Marinir di samping pria yang mengenakan seragam polisi itu berpenampilan seperti tikus. Dia memiliki kumis di pipinya, dan telinga tikus menempel di topi lautnya. Dia juga memiliki rambut cokelat. Berbeda dengan Marinir lainnya, ia memiliki mantel berkancing biru keabu-abuan yang turun ke kakinya, dengan ikat pinggang hitam dan bantalan bahu biru.
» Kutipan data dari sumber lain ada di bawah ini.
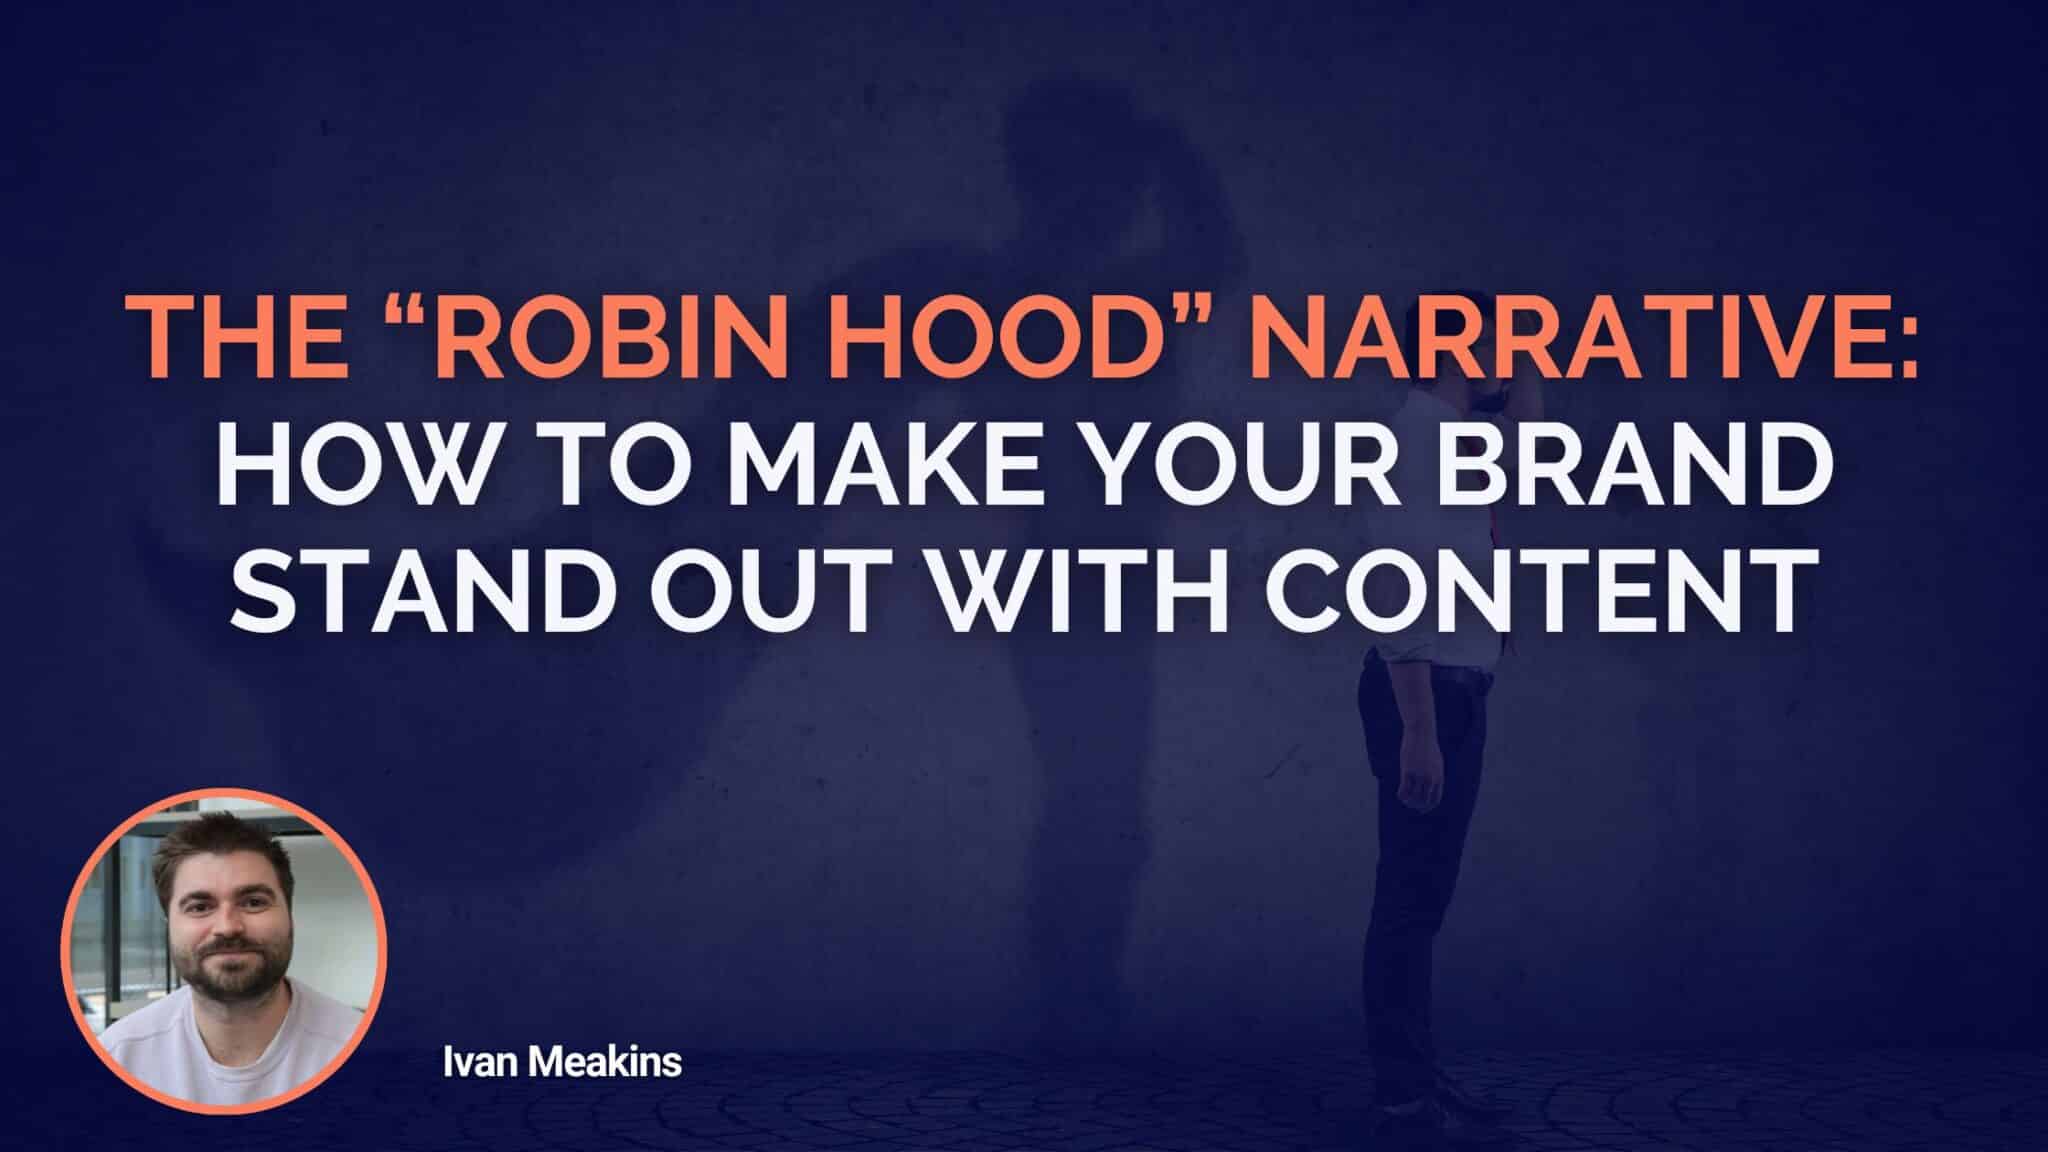 The “Robin Hood” Narrative: How To Make Your Brand Stand Out With Content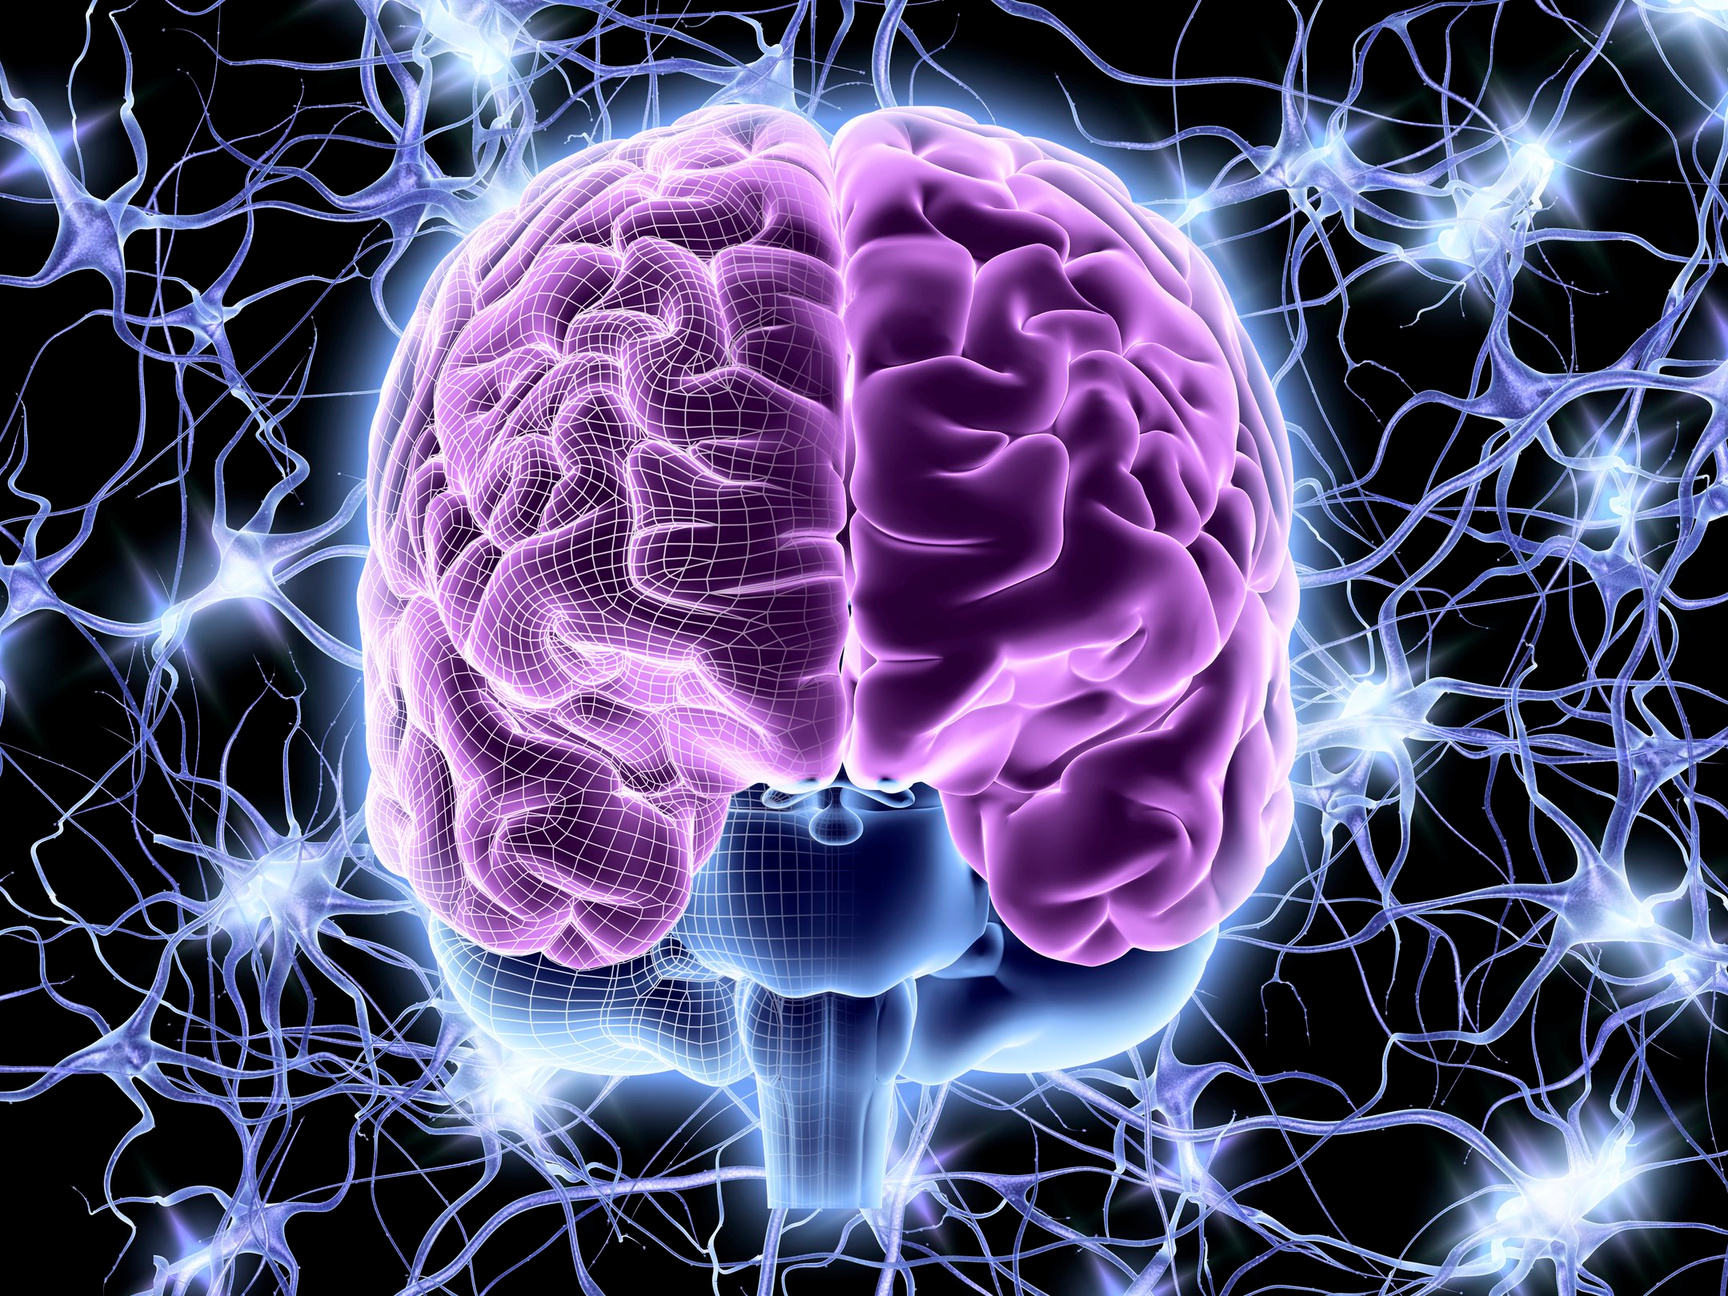 Computer artwork of a frontal view of a human brain. In the background a neural network of nerve cells firing.

"Kincir itu." Pikir remaja itu, menatap pria bertopi seragam polisi saat kelompok itu melewatinya, "Keren sekali!" Dia berpikir dengan seringai lebar sambil terus berjalan di jalan.
Nojiko dan Natsu.
saat Nojiko dan Natsu terus berbicara sampai Natsu merasakan banyak orang yang sedang menuju ke suatu tempat
“Nojiko-san, kenapa banyak orang yang sedang menuju ke suatu tempat?” Tanya Natsu sambil menunjuk arah Jendela.
Nojiko melihat sekelompok besar berjalan melewati jendela. "Genzo?" Dia berpikir sambil melihat pria di depan mengenakan seragam polisi. Dia melihat mereka menuju ke arah rumahnya dan rumah Nami. "Aku punya firasat buruk tentang ini." Dia berpikir dengan cemberut kecil.
"Hah, aku ingin tahu apa yang dilakukan Marinir di sini?" Dia bertanya sambil berpikir, "Maaf Natsu-san, tapi aku harus pergi." Dia berkata dengan tergesa-gesa sambil bangun dan berlari keluar pintu dan menuju ke arah yang dituju oleh Marinir.
__ADS_1
“Hmm ada yang tidak beres dengan para marinir itu terutama yang bau nya seperti tikus” ucap Natsu menyipitkan matanya sambil melihat keluar dan melihat Nojiko berlari ke arah para marinir. Berdiri dan mengenakan jaketnya, membayar makanannya dan Nojiko, dia mengencangkan bandananya berjalan keluar dan menghilang ke kerumunan.